And then, similarly, there was another study in patient with rheumatoid arthritis—this is an autoimmune condition—they had these patients write for 20 minutes a day, for 3 days, and they found that their symptoms went down and their immunoreactivity went down. So we’re seeing these two studies, and we’re not exactly sure of the causal effect, these studies are a little bit correlative and very difficult to control for, because patients who are in the study, subjects know if they’re writing in their journal or not. But these studies were controlled against people who were just kind of mindlessly writing about grocery lists. So, it was writing about more profound concepts and sort of outlining a significant life event, or life story, or significant events that were happening in the day that had an emotional charge to them.

So, we find that engaging in journalling, even 20 or 30 minutes a day, can actually modulate the immune system. So, if you have a immunodeficiency issue, like HIV, it can increase immunoreactivity, and if you have an autoimmune disease like rheumatoid arthritis, or asthma, if can lower that immunoreactivity and inflammation. So there’s this evidence that journalling and our thoughts and emotions are directly impacting our immune system and our immune system’s ability to function and balance itself.

The third tool for mental and emotional wellness is interpersonal support. And, being a naturopathic doctor who does a lot of counselling in my practice, I tend to favour psychotherapy and counselling as a form of social support for people that don’t feel that they can be authentic or have that deep connection with people in their lives.

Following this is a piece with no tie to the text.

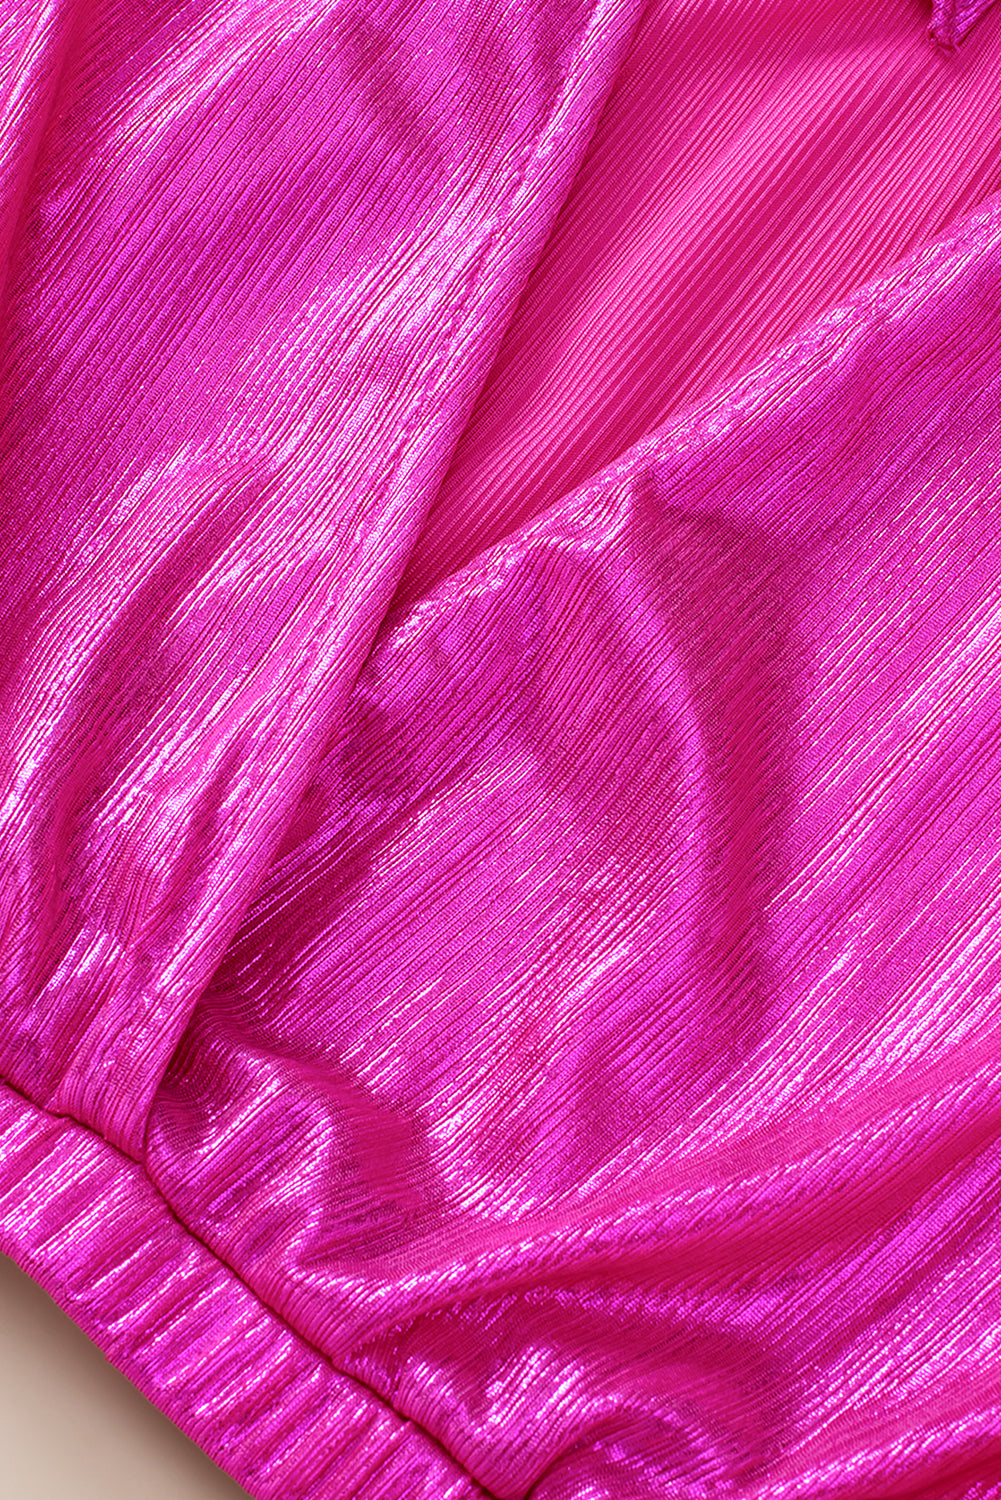 Camicetta senza schienale annodata con maniche increspate rosa brillante

There’s evidence that loneliness is the new epidemic, especially in our society and, as social animals, connecting with others is part of our biology, part of who we are. Through therapy, what I really like about it, is it can help us reframe the past and our personal identity. We can start to identify some automatic thoughts and core beliefs, which are deep-seated beliefs that may not serve us anymore in the present and may actually be contributing to feelings of low mood or behaviours that are unwanted. It can also allow us to rewrite our life story, so, looking back on the past and reframing certain events, from the perspective of someone maybe with more resources and power. For example, someone with a history of trauma may have an idea of powerlessness and being victimized and, in every single story of trauma that I’ve encountered, people have always responded in some way. Either psychologically, mentally, emotionally, if not in action, and sometimes just recognizing these responses changes our whole perception of the event and our identities in the present, our ability to act in the present. So, there is evidence that stress is related to our perception of things that happen, not actually what happened. So, for example, imagine somebody that’s just broken up with their girlfriend and they were very in love. And you can image what their mental and emotional state would be like. Maybe the next day they don’t feel like getting out of bed, there’s clothes all over the floor, they haven’t brushed their teeth, they’re feeling extremely sad, and crying. And nothing has changed biologically in this person, but the situation surrounding their life has changed. Then imagine that this person wakes up the next day and they’re in this state of low mood and depression. And they get a phone call. And it’s their girlfriend saying, “you know, I’d like to get back together, I made a mistake, I’m in love with you and I don’t want to be broken up anymore.” So you can imagine that this person’s mood is going to change rapidly as the situation changes. And so, there is a change in their circumstances, but not in their physical biology.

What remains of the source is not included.